Bindo has asked for the wisdom of the Perl Monks concerning the following question:

Greetings good people. I have a log file with more than 10000 lines from which I want to extract all the lines starting with a certain word on to an array and then print the values.

Following is the string I want to search

~|TOTAL 24.1% 0.4%

Kindly note that I want the word "Total" and those 2 numerical values on to an element of the array as a single entry.(There are many entries starting with Total and I want all of them stored)I'm finding it hard to come along with the regexes :( Anyways following is what I have tried. Pardon me gentlemen I'm a learner so please try to help out.

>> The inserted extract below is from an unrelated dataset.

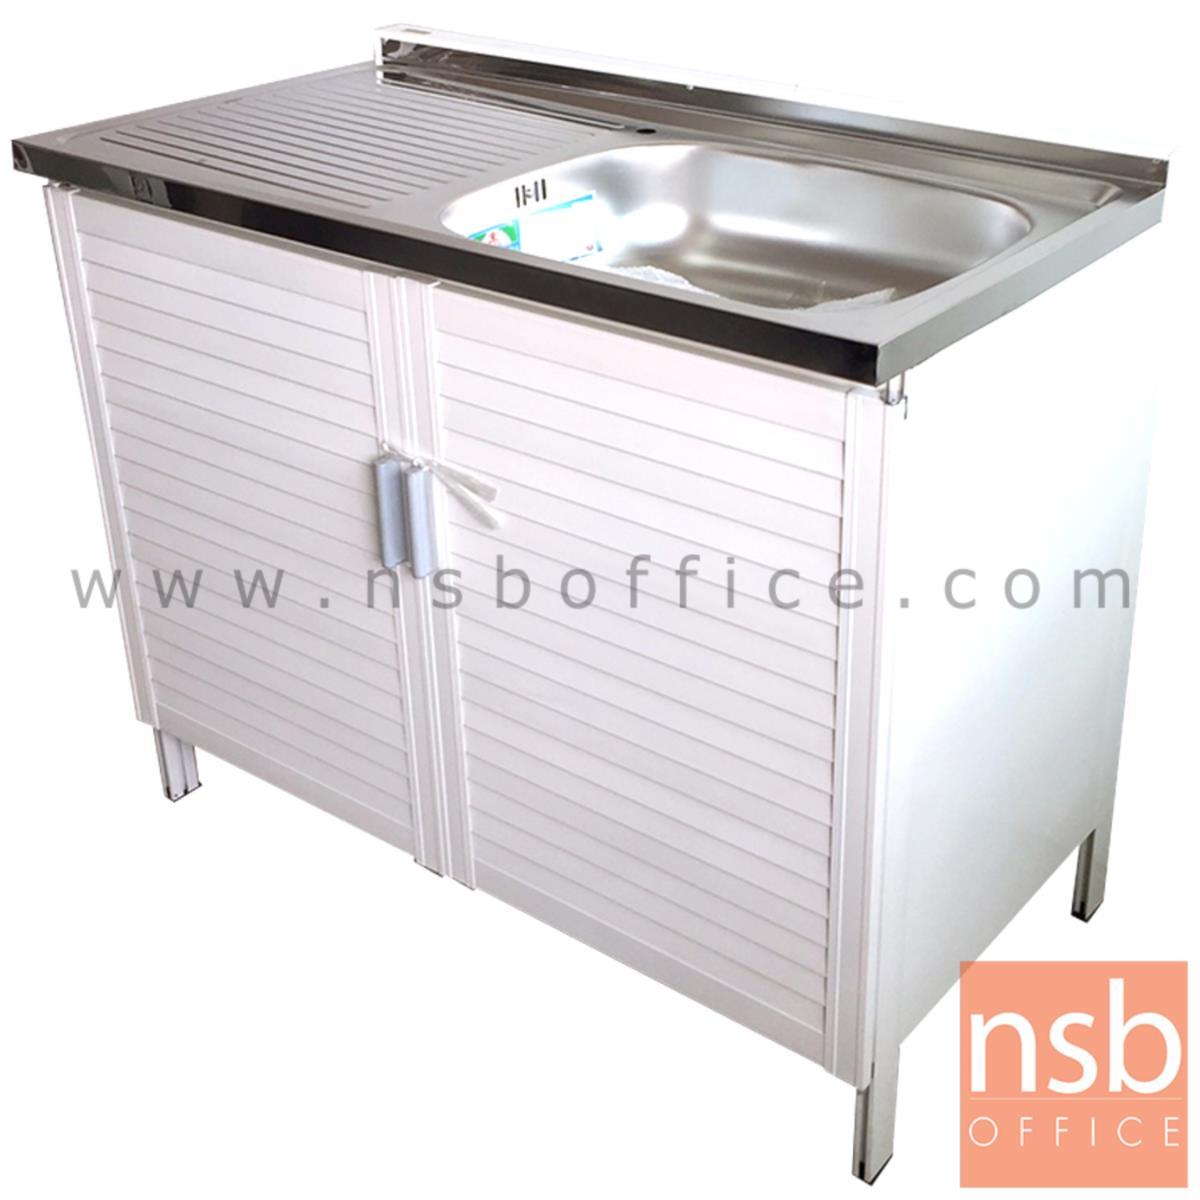 K07A005:ตู้ครัวพร้อมซิงค์ล้างจาน  ขนาด 100W*82H cm. สีขาว

my $SYS_HOME = "/x01/home"; my $LOG_FILE = $SYS_HOME."/ABC.log"; open (FH, '<', $LOG_FILE) || die "Cant open : $!"; while (<FH>) { chomp; my @FIGURE =~ /~|TOTAL|([\d]+/; foreach (@FIGURE) { print "$_\n"; } }

Many thanks in advance.

Comment on Extracting string from a file
Download Code
Re: Extracting string from a file
by RMGir (Prior) on Nov 11, 2013 at 13:02 UTC
    As it stands, I don't think your code even compiles, since you've got an unbalanced '(' in your regular expression. I'd start by fixing that.

    Second, '|' is a special character in regular expressions, meaning "this OR that". Since you want a literal '|', you need to precede it with a '\'.

    Next, you're using '|' again between TOTAL and your digits, while your example has spaces there. Which is it?

    '\d' is a character class by itself - it doesn't go in square brackets. But since you also need to match '.', use '0-9.'. Do you also need to match negative numbers? If so, that would be '-0-9.'.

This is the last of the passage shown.